:: Task prompt ::
The expected result is the full listing, retyped exactly, without a single picture.

:: Data shown ::
*** Block opens ***

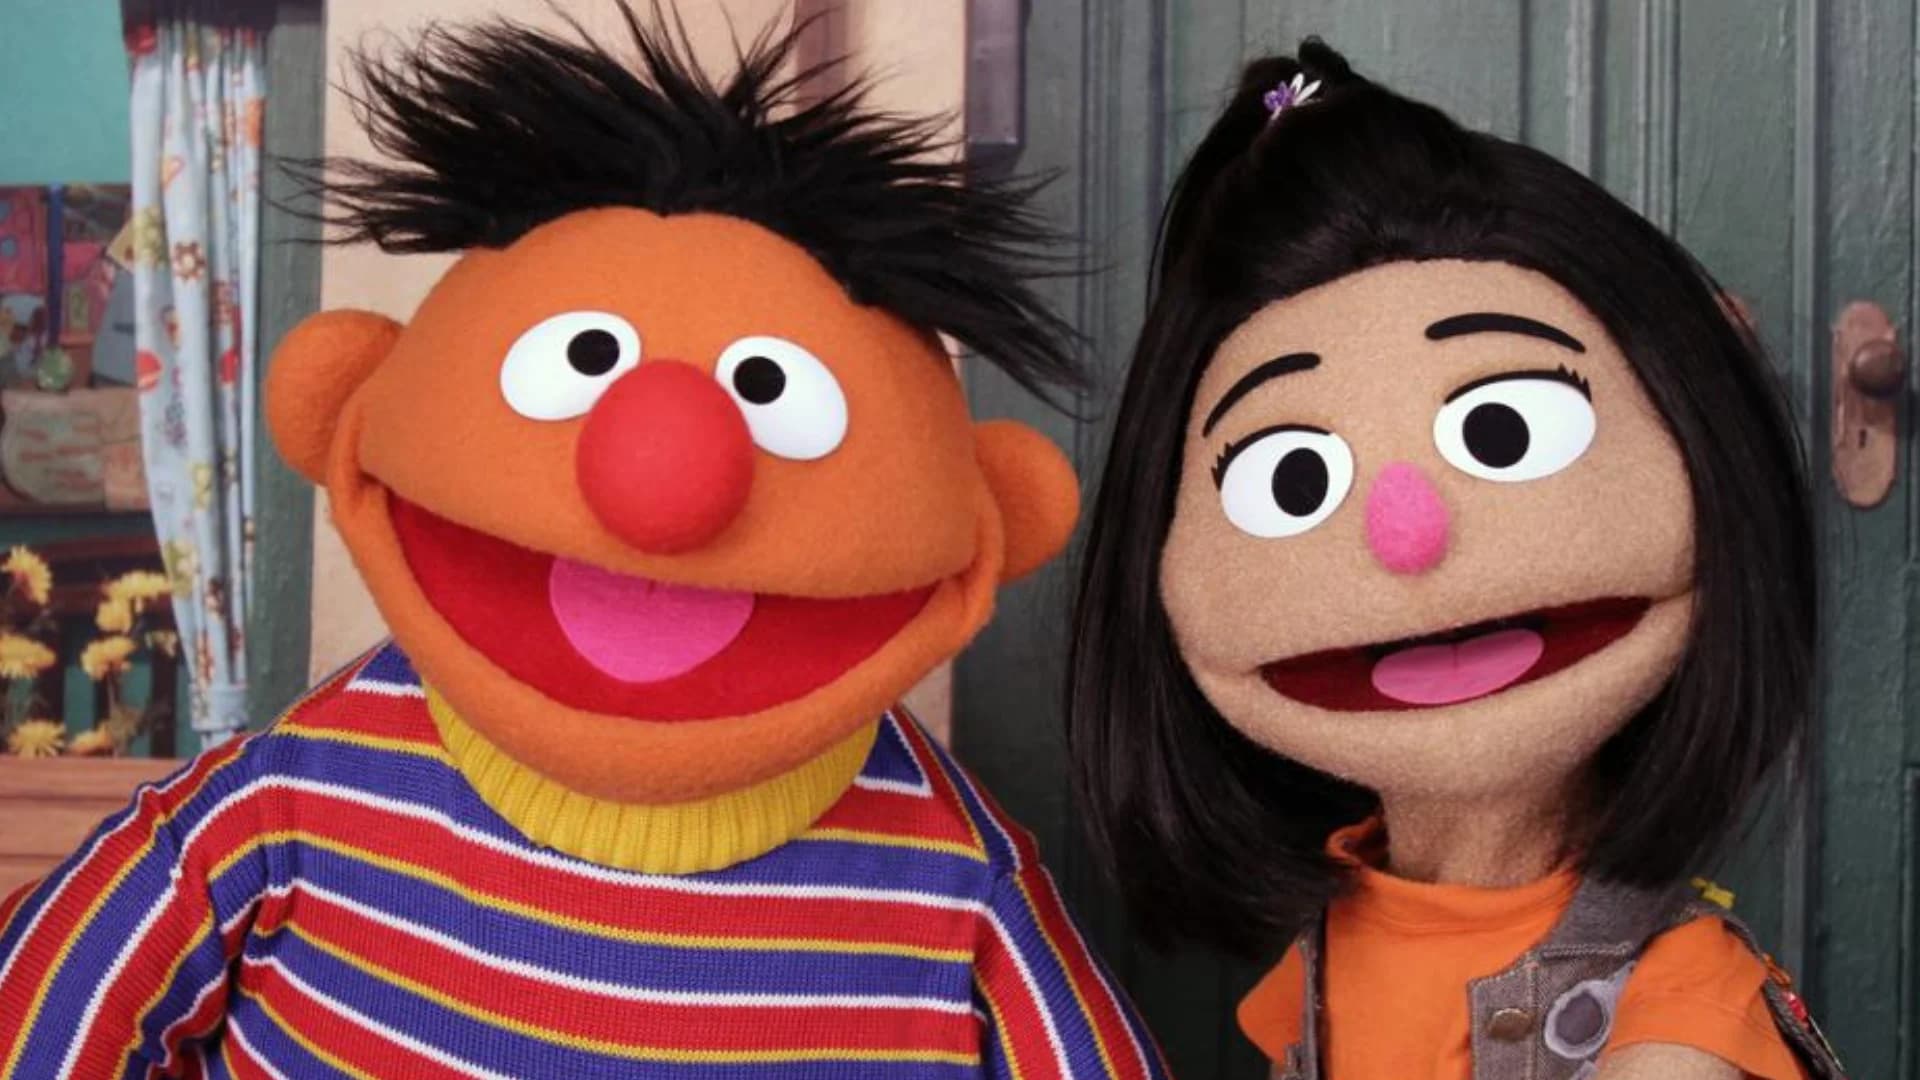 ‘Sesame Street’ debuts Ji-Young, first Asian American muppet
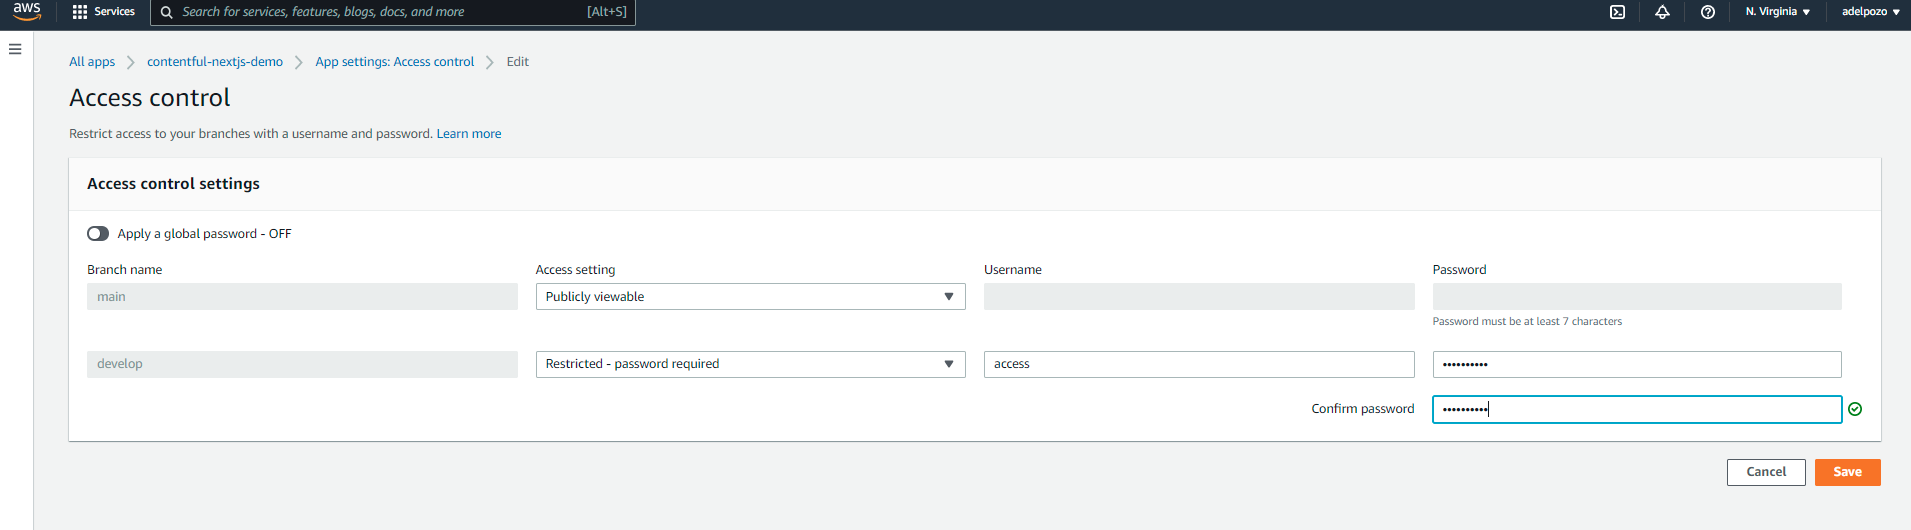 AWS Amplify Contentful NextJS tutorial access control screenshot
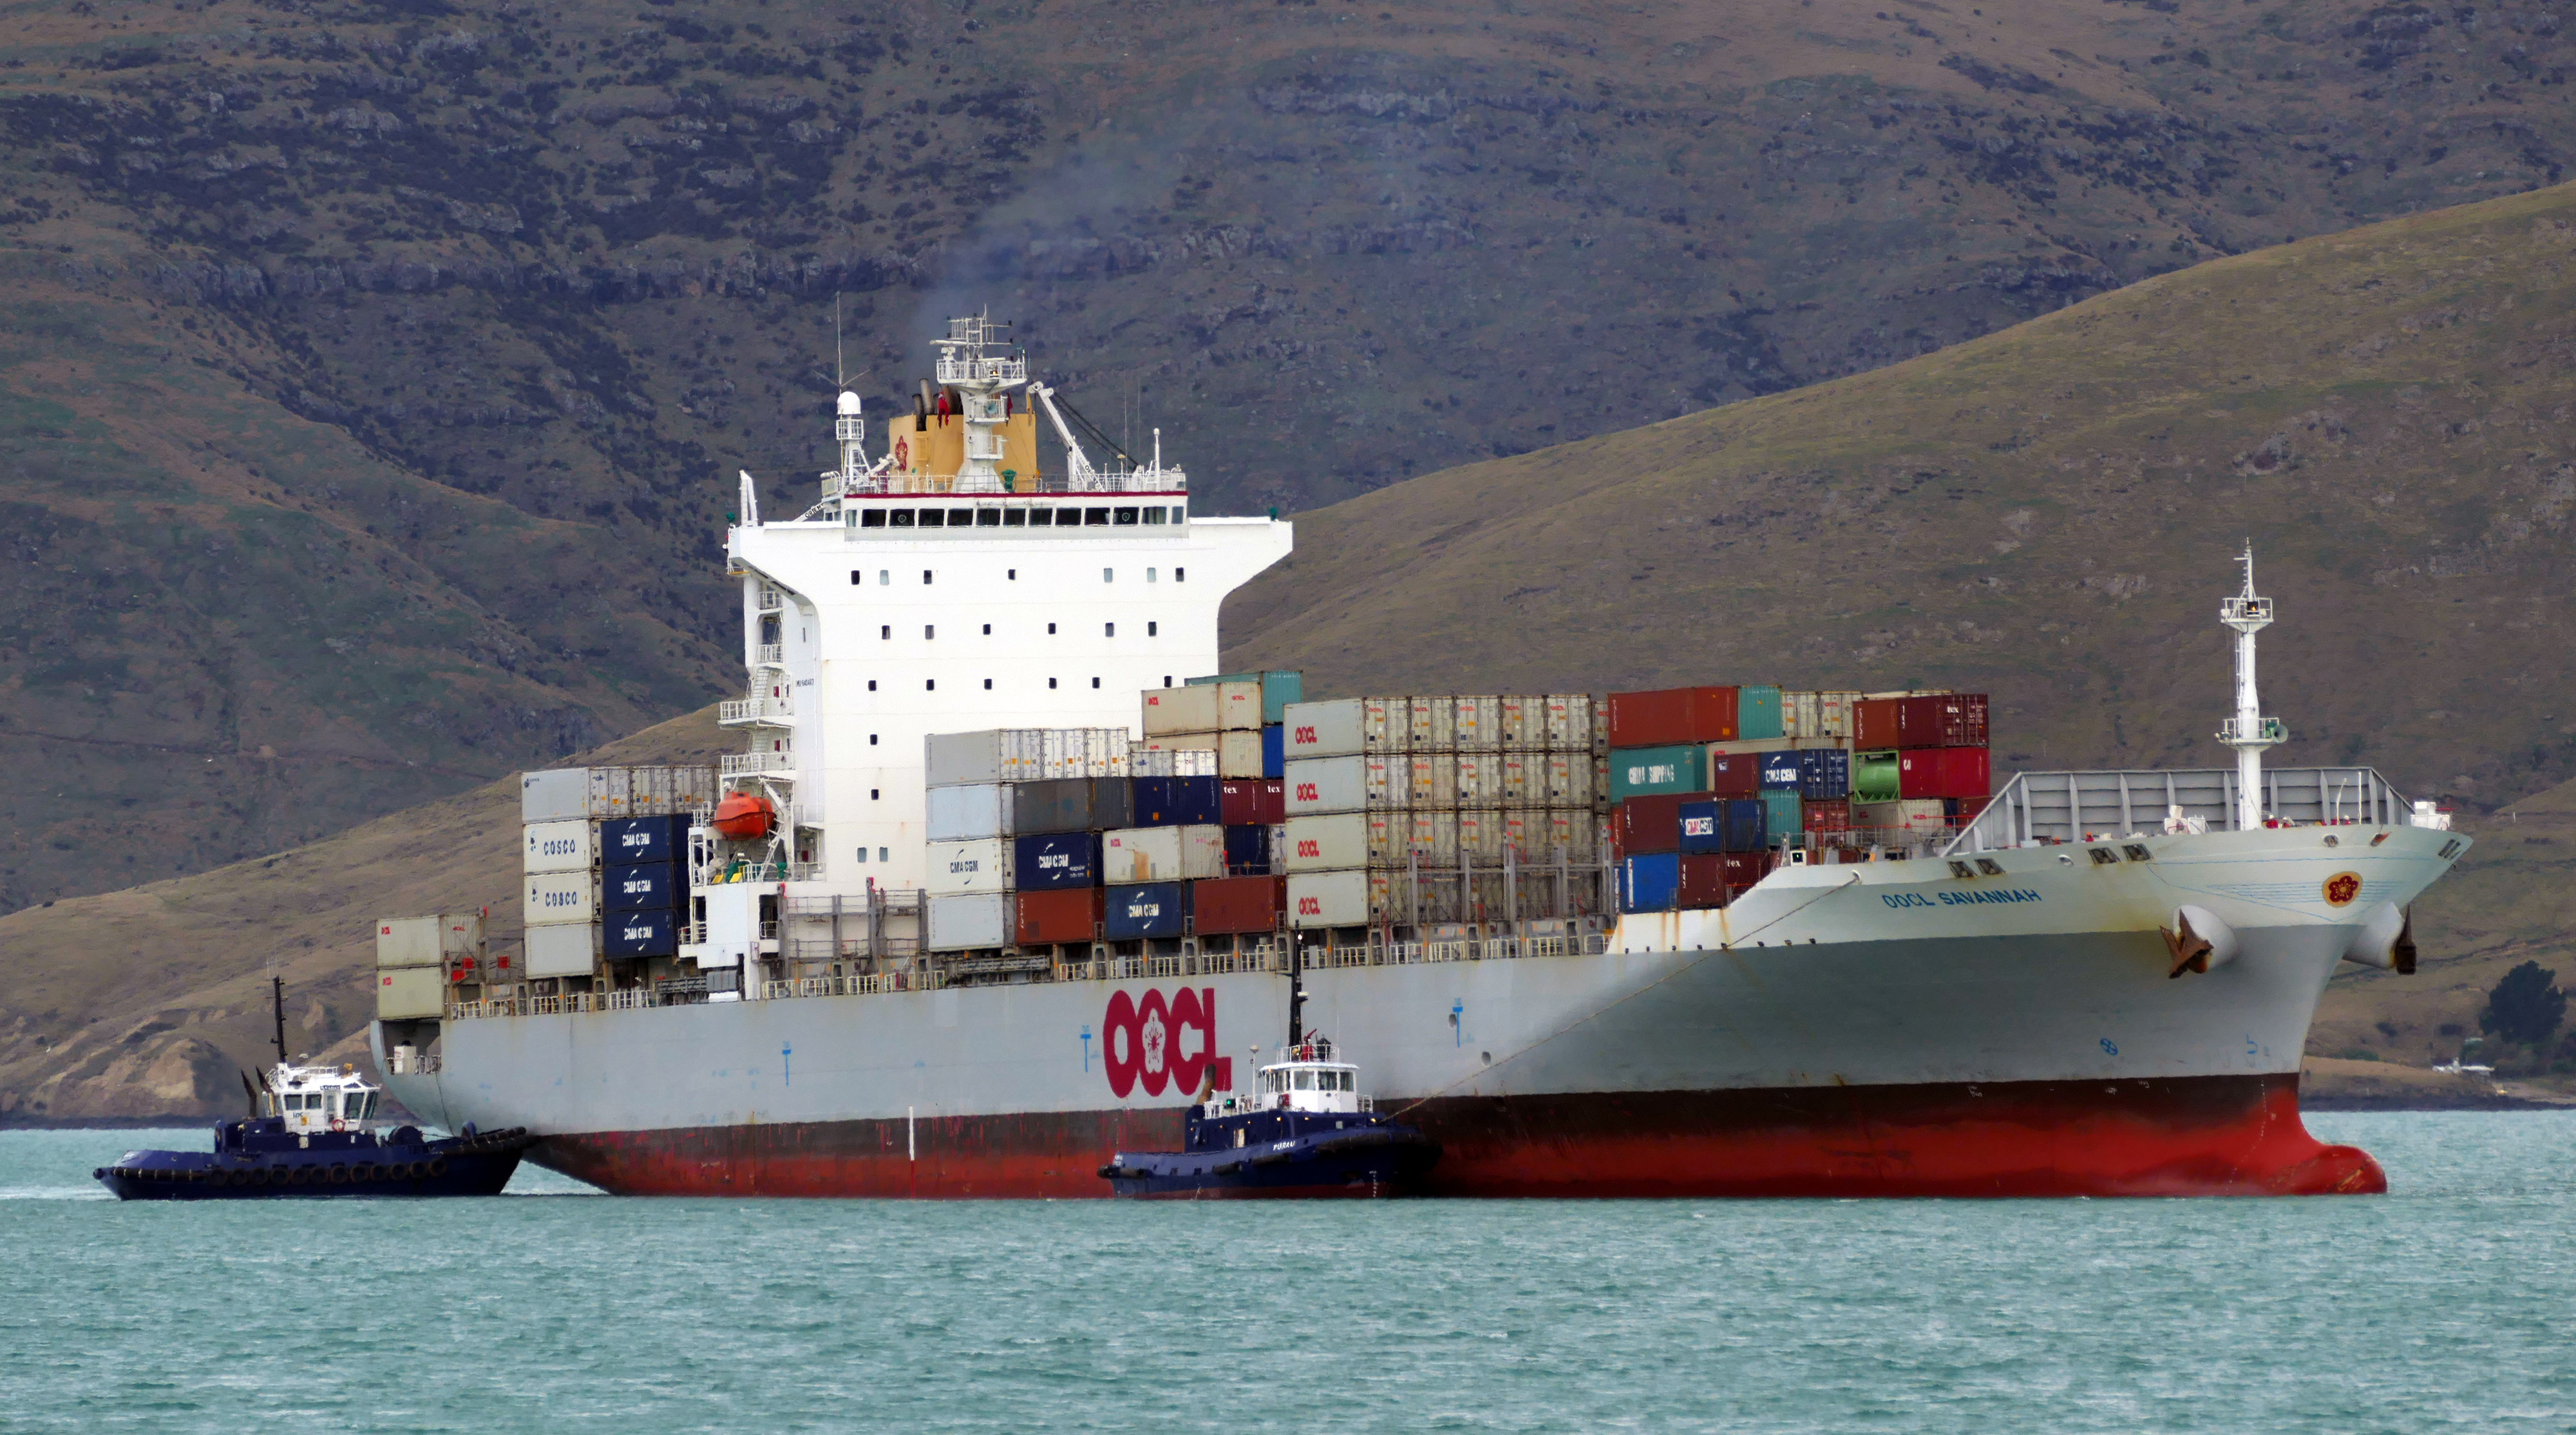 Oocl savannah (container ship) photo

*** Block closes ***

:: Worked solution ::
 ‘Sesame Street’ debuts Ji-Young, first Asian American muppet
 AWS Amplify Contentful NextJS tutorial access control screenshot
 Oocl savannah (container ship) photo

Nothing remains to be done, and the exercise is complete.